Thursday, October 15, 2015

My take on gender

Perspective 1

I am not the only child in my family. Well, it is questionable whether I am a child anymore, but that aside, I have grown up with my sisters. 4 of them. I have grown up in a joint family. And I can boast of having been exposed to a multitude of arguments, opinion and perspectives on gender. And this is where the catch lies. I am not going to spill any more beans about my family. What I will do is tell you my experiences and sensibilities. Trust me, this has not shaped what I am going to talk about now.

Ladies and Gentlemen, my name is Vivek Sharma, and I am not the co-founder of the Poetry Club Mumbai. I was born and brought up in Bhagalpur, Bihar. Left home 10 years ago and have since lived in Kota, Guwahati and now Mumbai. Perhaps a journey typical of a small town boy, trying to make a place for himself in this world. A dear friend asked me yesterday what was it that would keep me occupied this weekend. I told him I would be celebrating gender at The Hive. He mocked at me, not because it was funny, but because he wondered who I would be targeting.

It is not easy, trust me, to convince myself to talk about gender. Not in the least because I would be talking to people who are far more sensitised to gender than I have been. Not in the least because I am intimidated when people talk about gender. Not in the least because I am still trying to build an opinion basis which I can talk intelligibly. And importantly, not in the least because more than 70% of friends I have are girls.

Ok so my side of the story now. I kind of get uncomfortable when I see a girl smoking a cigarette. I get scandalised when I hear a girl hurl abuses. You know the ones I am talking about. I freak out when I see a girl driving a motor cycle. And I still get uneasy sometimes when a Eunuch passes by at a traffic signal. To some, these might be cultural shocks for a small town boy who has moved to Mumbai, of all cities. To others, these might be instantiation of a staunchly patriarchal mindset, or rather a very regressive mindset. I am still trying to figure out, and trust me. But where these arguments converge is gender.

We are here today, not because we don’t already know what the issue is, nor because we care any less. In fact on the contrary. We are here so that we can step outside of our activist selves and scrutinise the deep rooted notions we have about gender. To lend a voice to the innumerable instances in our everyday life where we condone or perhaps, to put it mildly, overlook acts or notions which our activist alter-ego would vociferously condemn. I am not saying we are hypocrites. I am saying we need to talk a little more in the spaces around which our society flourishes, or otherwise languishes under the cloak of tradition and culture.

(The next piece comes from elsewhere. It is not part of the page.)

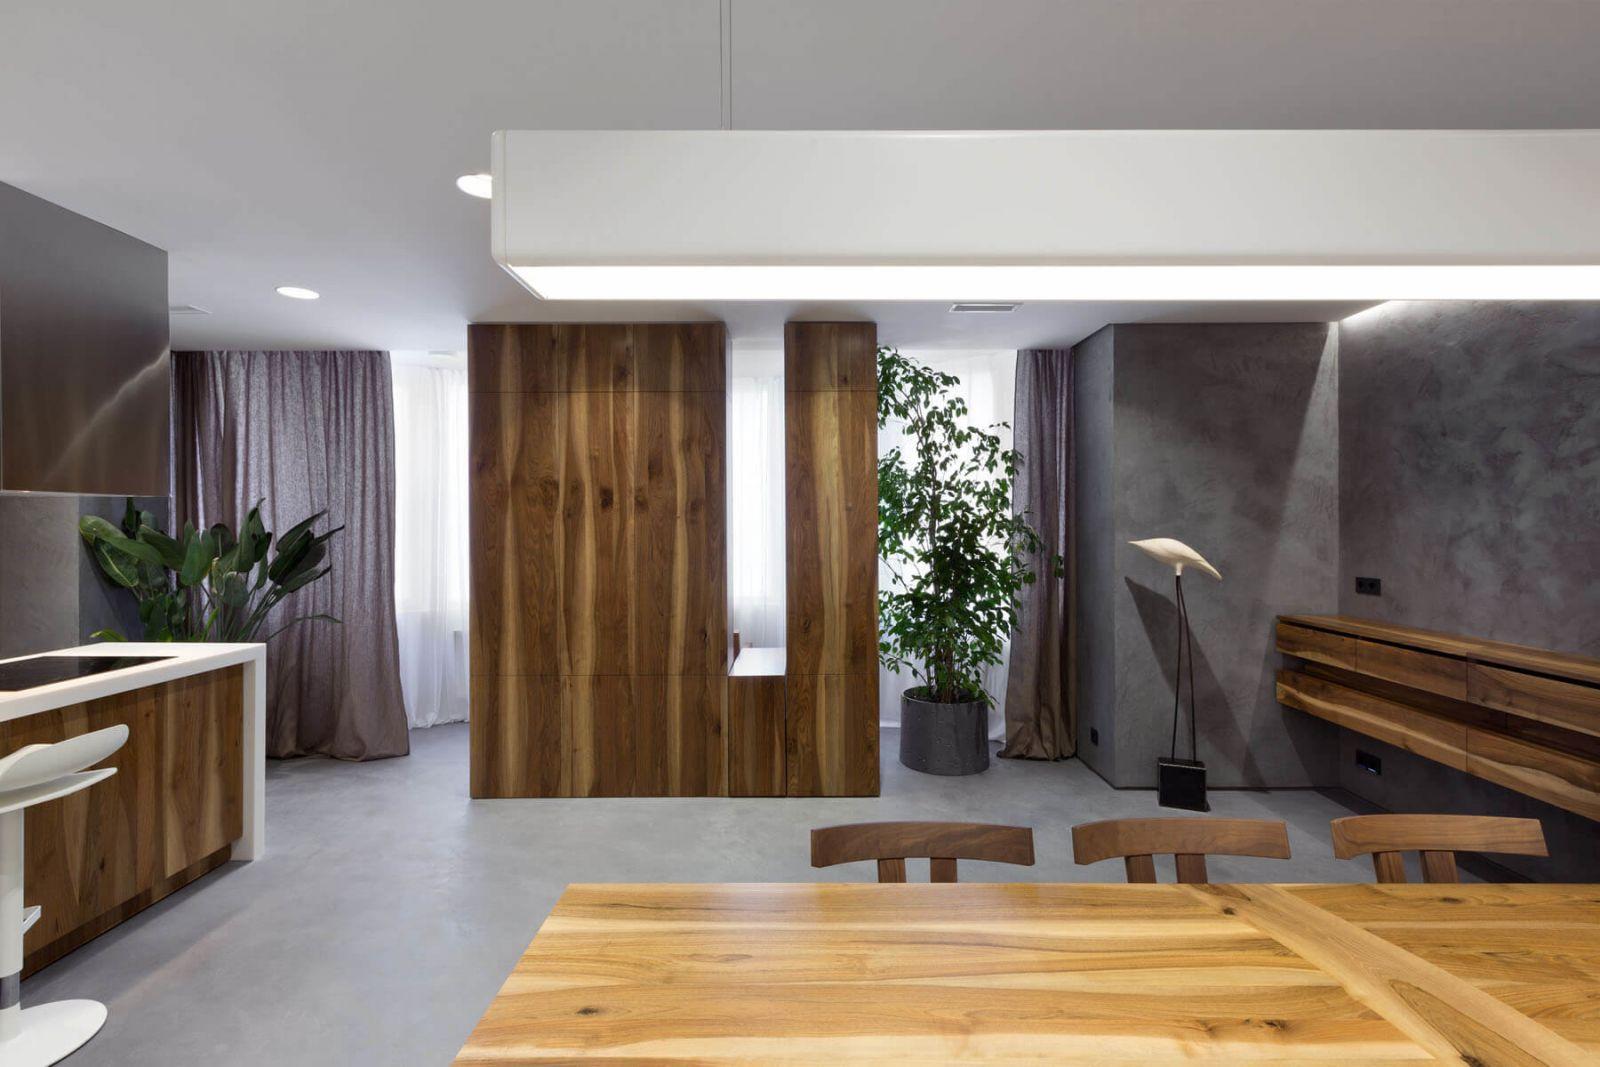 Массив дерева теплых природных оттенков, присутствующий в отделке всех помещений квартиры контрастирует с холодным серым полом и стенами, создавая атмосферу домашнего уюта

We are here because if we find ourselves in discomfort when subjected to ideas that break the gender mould, we should know that we are the ones compromising the movement towards celebrating the individual. Gender is my right, not anyone else’s wrong.

Perspective 2

It is not very difficult either, getting burdened by the sheer force of the topic we set out to talk about. As human beings, we are very comfortable living in narratives that have prevailed for a long time. Ideologies are an inseparable part of such narratives, and as communities, we are very passionate about defending ideologies, and holding on to them. In my short lifetime, I have seen the public discourse around ideologies evolve faster than most of our society. I am a part of the same society that becomes an easy target when it comes to passing the buck. We are here because we don’t want to be an easy target.

And this has put us into a rather fortunate position of talking about matters which would have seemed alien to the now developed nations at this stage in their history. As Indians, we seem to have evolved much faster. The important bit here is that our evolution is as much conditioned by the times we live in as the evolution of gender was.

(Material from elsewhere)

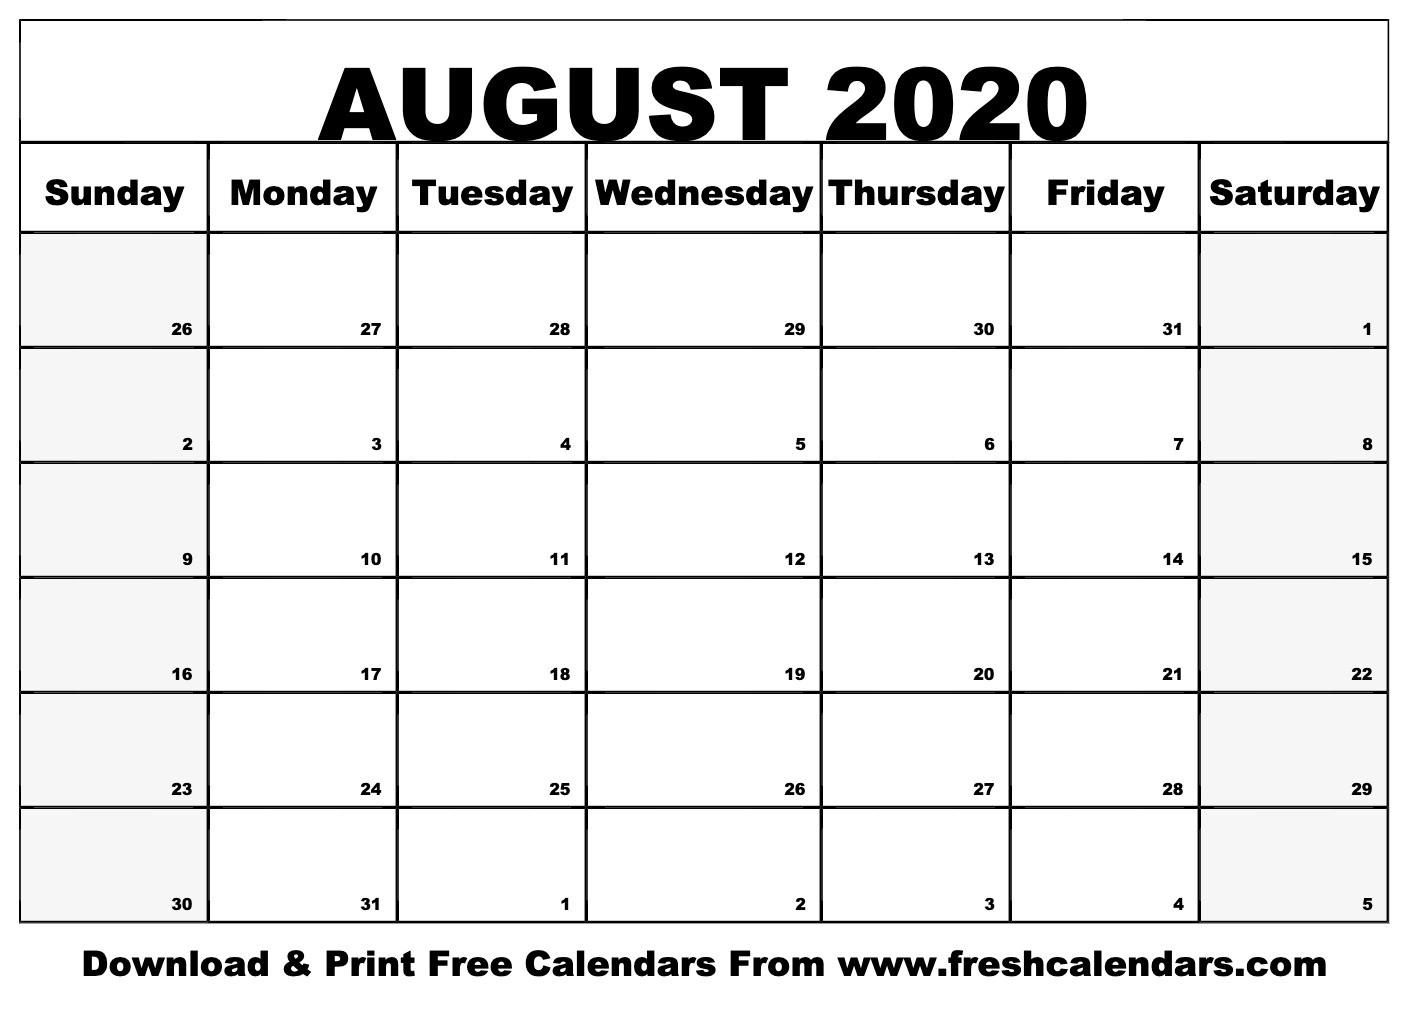 August 2020 Calendar Printable-Luxe Calendar Aug 2020 Blank Printable

My name is Siddharth Warrier, and I am a doctor by profession. I have built a perspective, and at the risk of sounding very much like everyone else present here, I dare say a unique perspective, on gender through my understanding of the evolutionary history of humankind. And I think we are here today not only to undo gender, but also mould perspectives through a discussion that itself makes an attempt to understand why gender in the first place. I will begin with sexuality.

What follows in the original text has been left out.